13 August 2012

The downside of deer


They are impressive animals, but an editorial from Bloomberg News (via the StarTribune) explains that there are negative features to consider, especially when the population expands:
There were about 1.09 million deer-vehicle collisions from June 2010 to June 2011, State Farm Insurance reports, with average property damage of more than $3,000 an accident. Add to that a billion or so dollars for agricultural damage. Deer carry ticks that spread Lyme disease. And their voracious chomping has resulted in "ghost forests" -- particularly in the Northeast.

If a forest is healthy, it will support about 15 deer per square mile, and many scientists say that a degraded patch can't be restored unless the population is about five per square mile. Compare that target with the actual deer densities: Some areas of the United States have 40 to 50 of them in a square mile, with much higher estimates in some Eastern suburbs.

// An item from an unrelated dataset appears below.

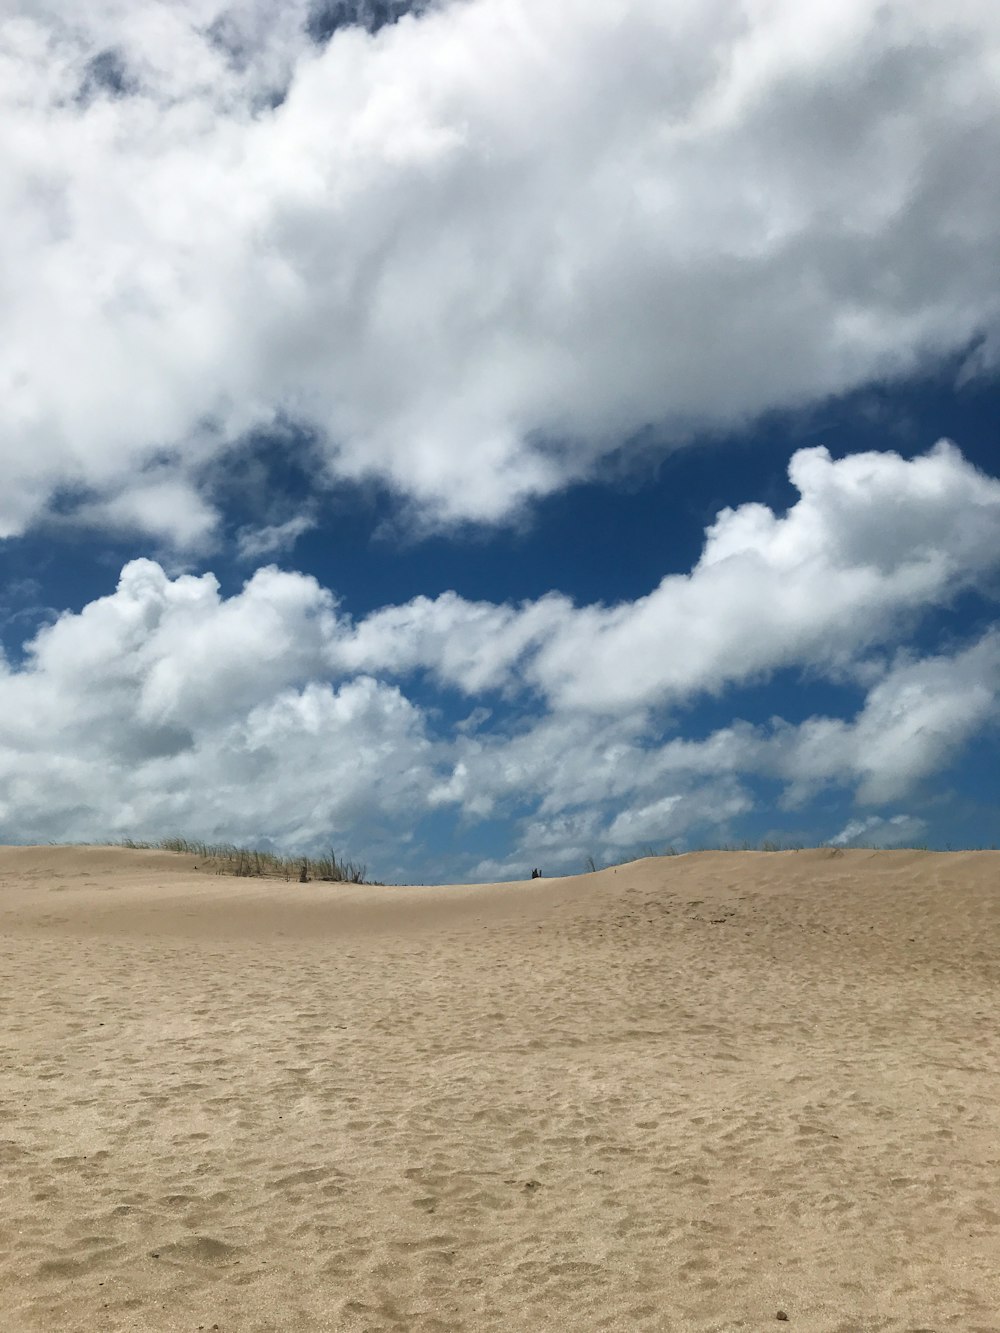 푸른 하늘 아래 갈색 모래와 낮에는 흰 구름
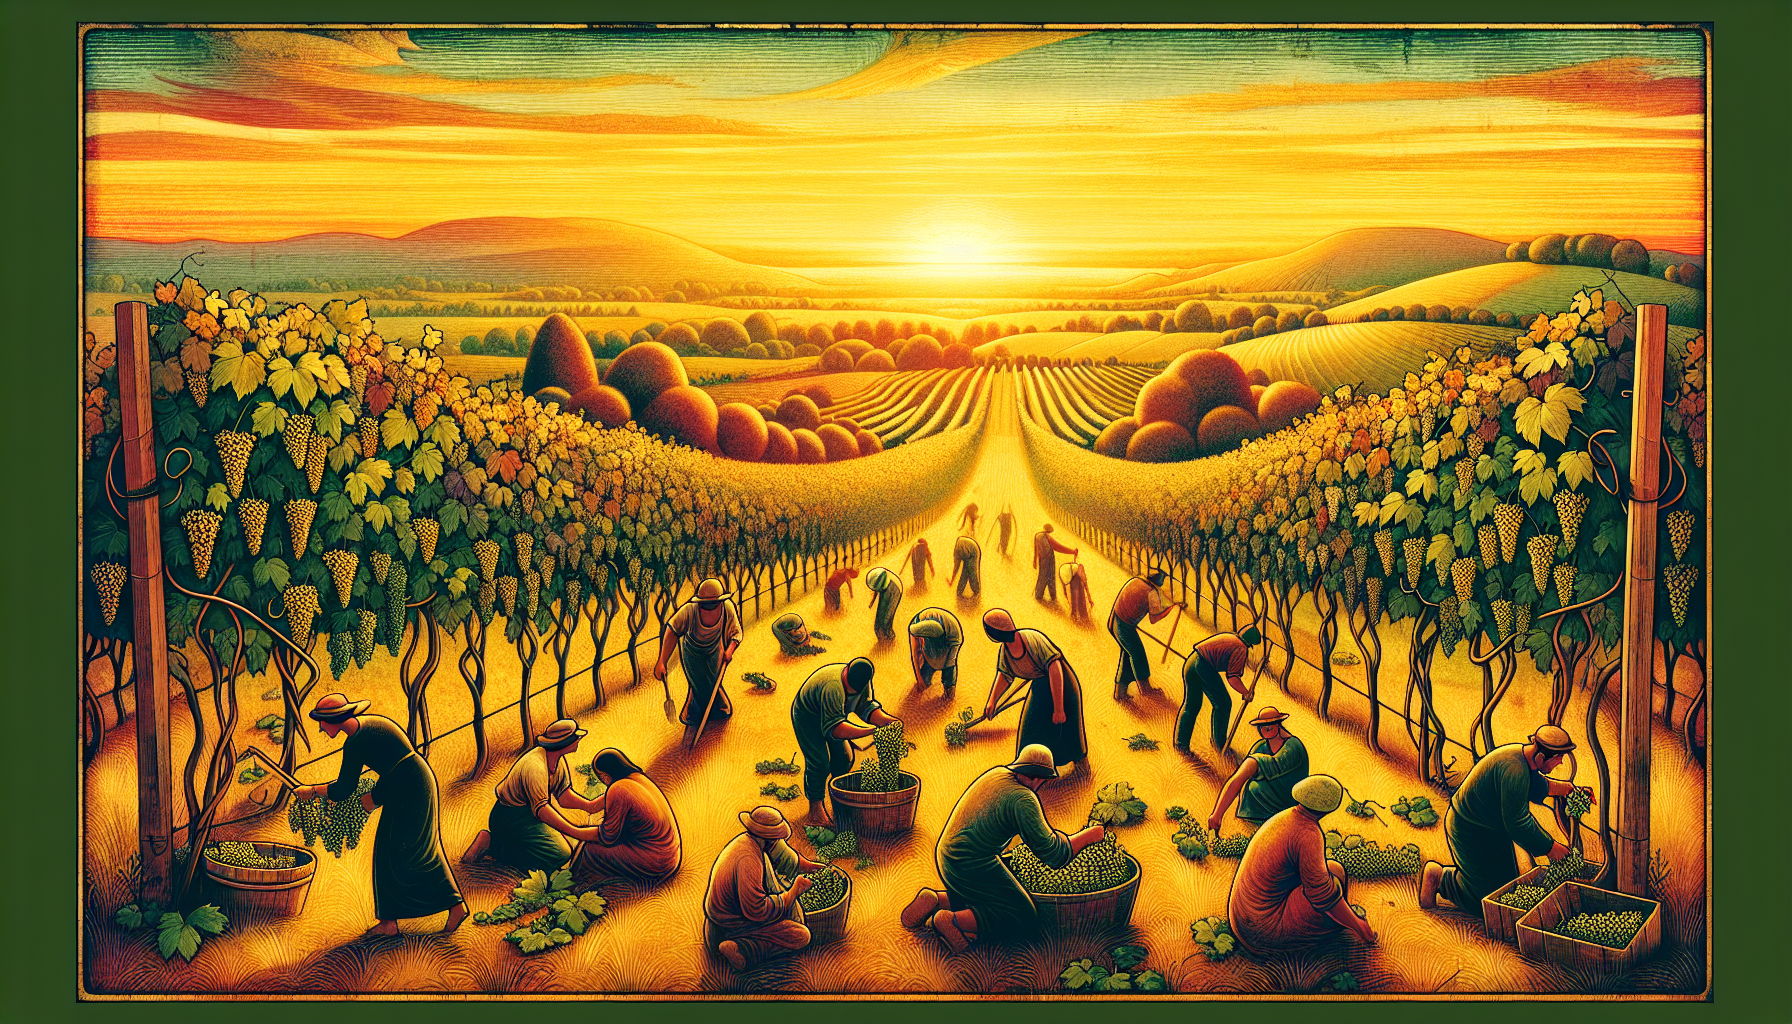 Un pintoresco viñedo en tiempo de cosecha al atardecer, iluminado por la cálida luz del sol, con trabajadores recolectando uvas y al fondo colinas suavemente onduladas, en un estilo de pintura renacen

In New Jersey, one-third of the remaining species of native plants are endangered, largely because of deer. Many warblers, thrushes and dozens of other ground-nesting birds lose the protection of native plants, and some species of native pollinators -- butterflies, moths, beetles -- vanish...

The hunters who are supposed to control the deer want to keep the numbers up so they have a better chance of shooting a buck. They support changes such as the New Jersey measure to allow bow hunting closer to houses, but they generally oppose efforts to reduce the deer population...

12 comments:

  1. Good grief, Stan, for a second I thought there was a downside to beer...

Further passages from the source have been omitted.